Here is an extended version of our [talk](https://www.youtube.com/watch?v=oBCKO4TH5y0) at ICRA 2020 where we do a step by step walkthrough of our paper Unsupervised Depth Completion from Visual Inertial Odometry (joint work with Fei Xiaohan, Stephanie Tsuei, and Stefano Soatto).
In this talk, we present an unsupervised method (no need for human supervision/annotations) for learning to recover dense point clouds from images, captured by cameras, and sparse point clouds, produced by lidar or tracked by visual inertial odometry (VIO) systems. To illustrate what I mean, here is an [example](https://github.com/alexklwong/unsupervised-depth-completion-visual-inertial-odometry/blob/master/figures/void_teaser.gif?raw=true) of the point clouds produced by our method.

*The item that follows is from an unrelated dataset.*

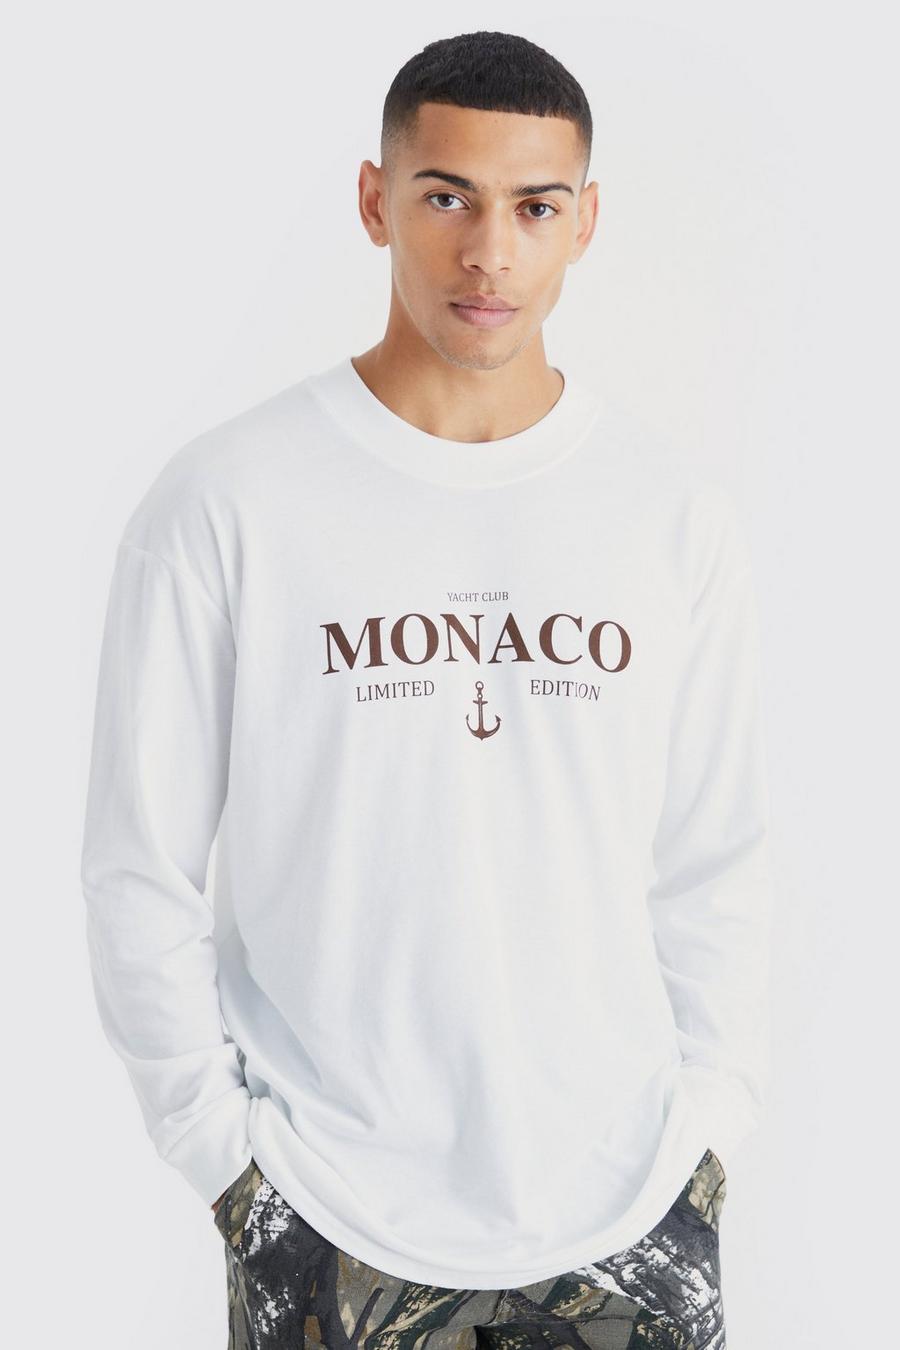 Camiseta oversize de manga larga con estampado de Monaco, White blanco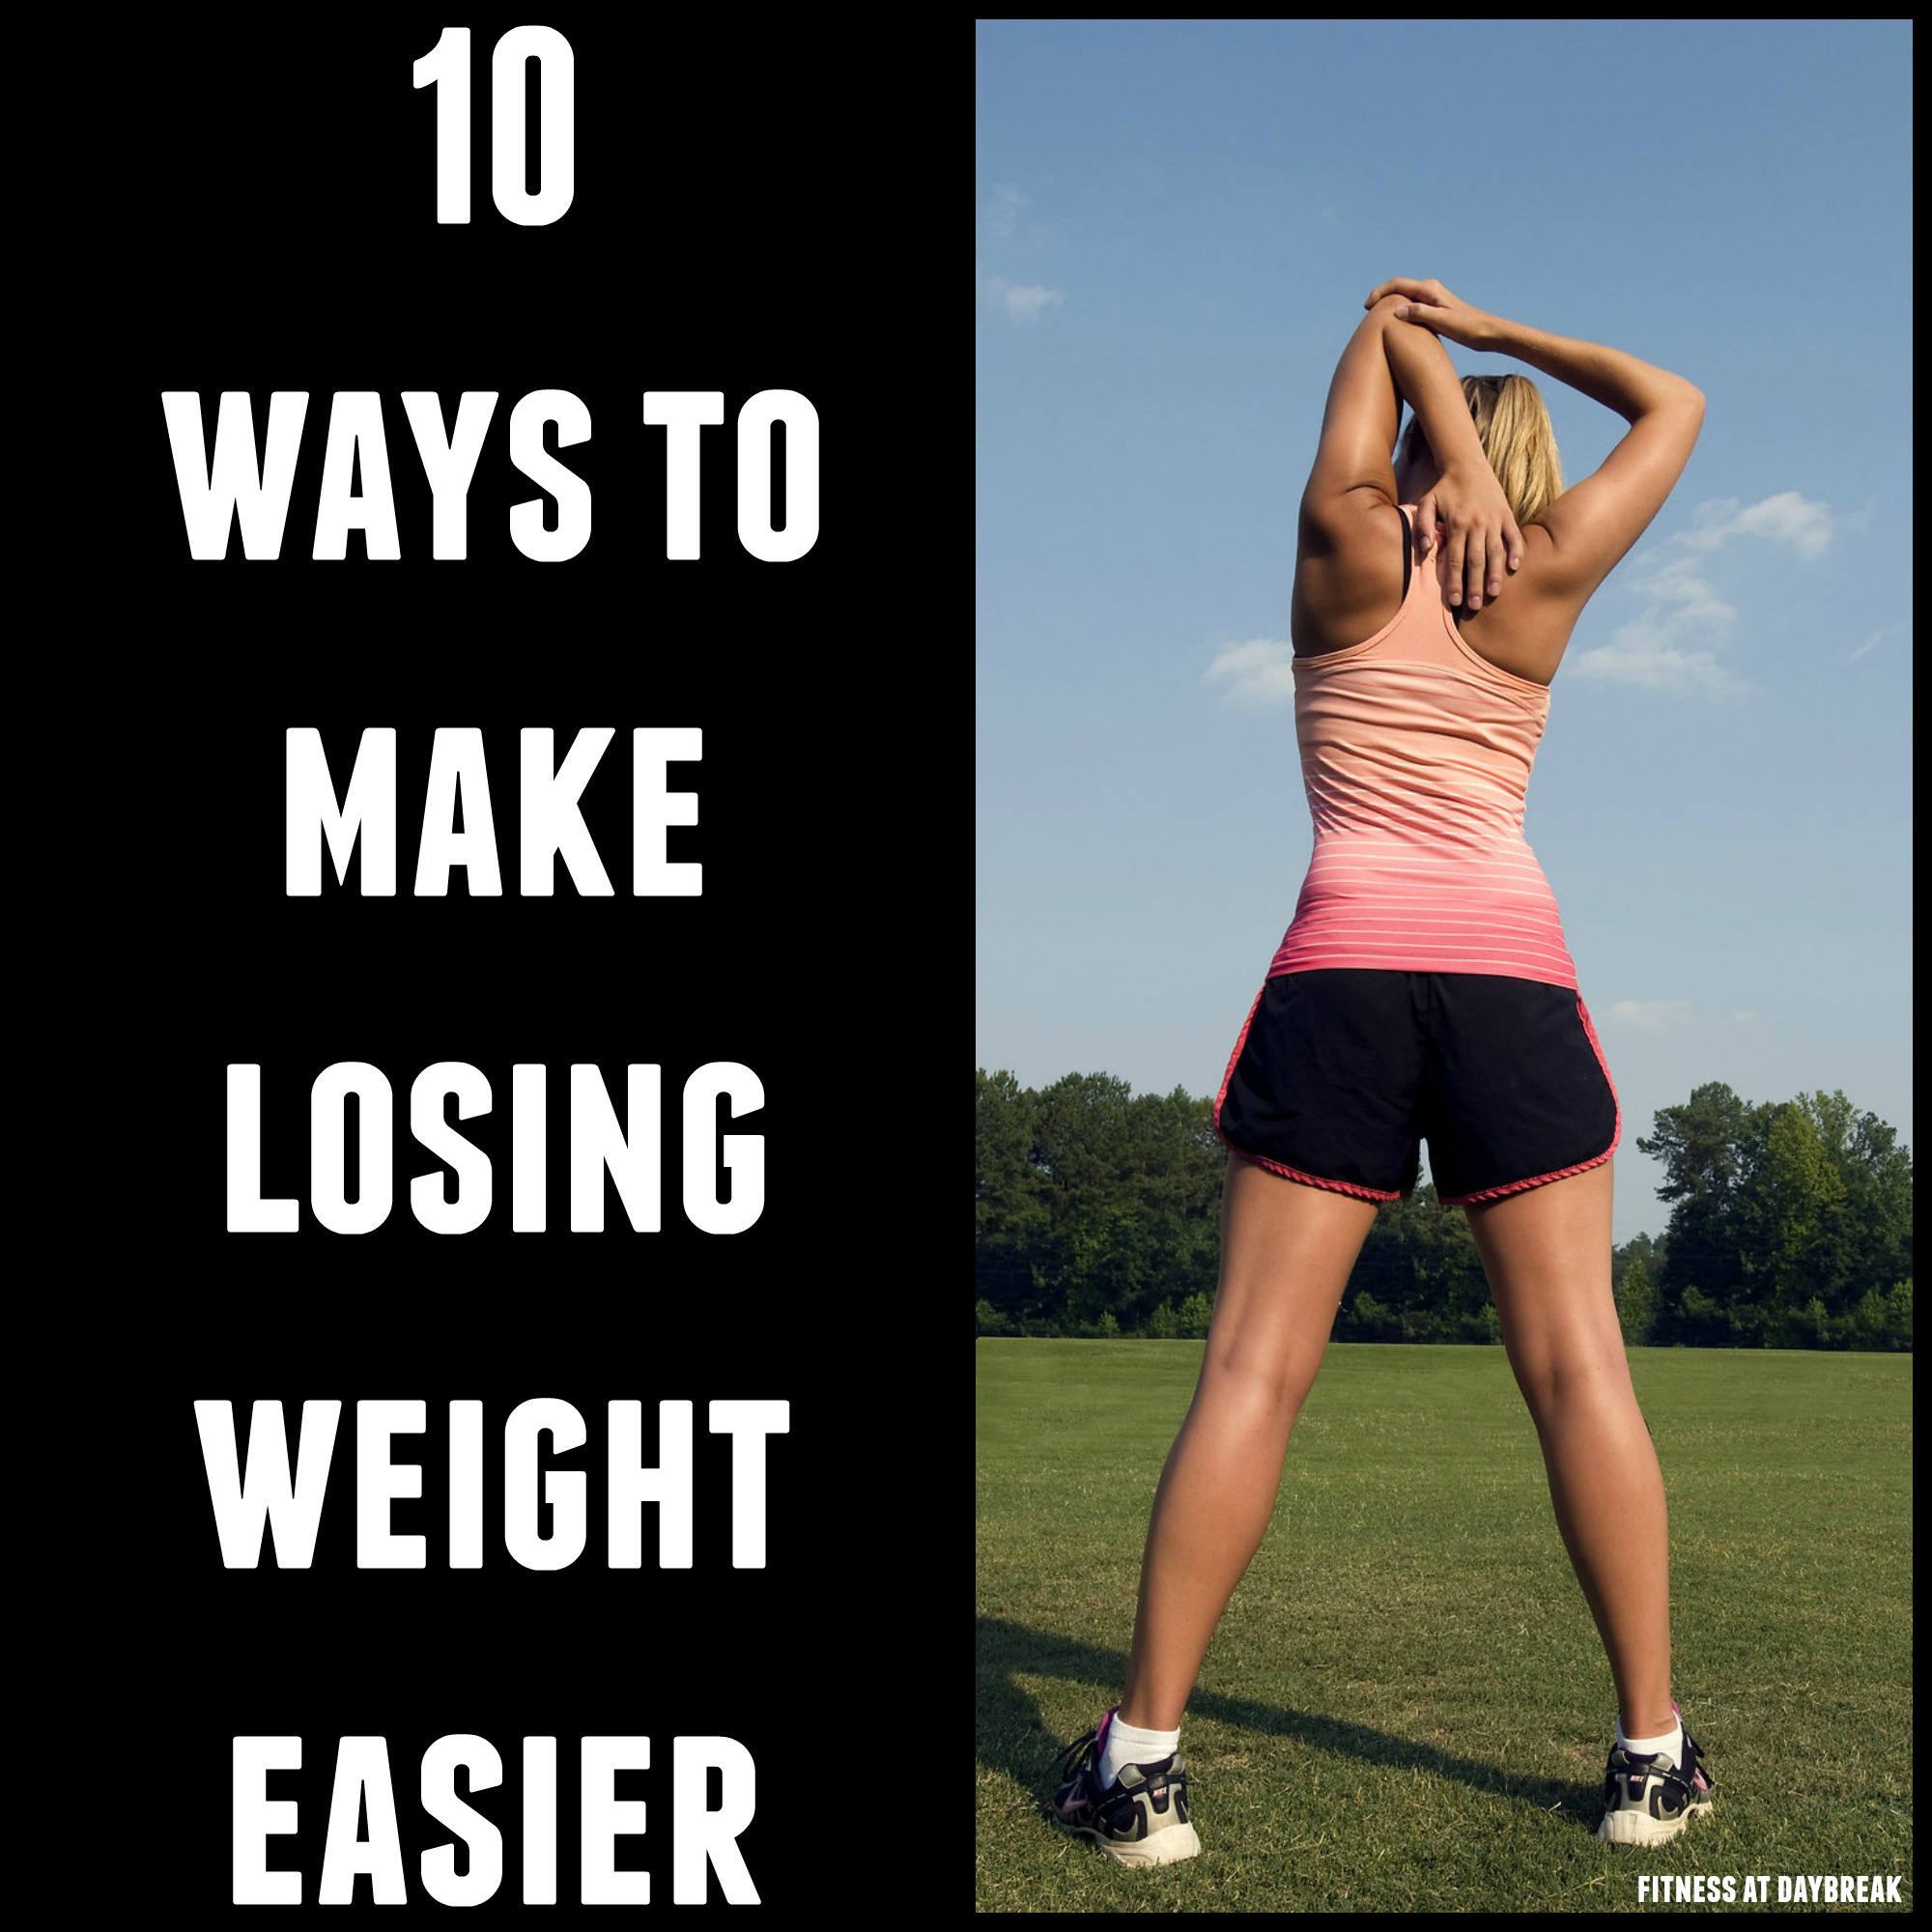 10 Ways to make losing weight easier

Our method is light-weight (so you can run it on your computer!) and is built on top of [XIVO] (https://github.com/ucla-vision/xivo) our VIO system.
For those interested here are links to the [paper](https://arxiv.org/pdf/1905.08616.pdf), [code](https://github.com/alexklwong/unsupervised-depth-completion-visual-inertial-odometry) and the [dataset](https://github.com/alexklwong/void-dataset) we collected.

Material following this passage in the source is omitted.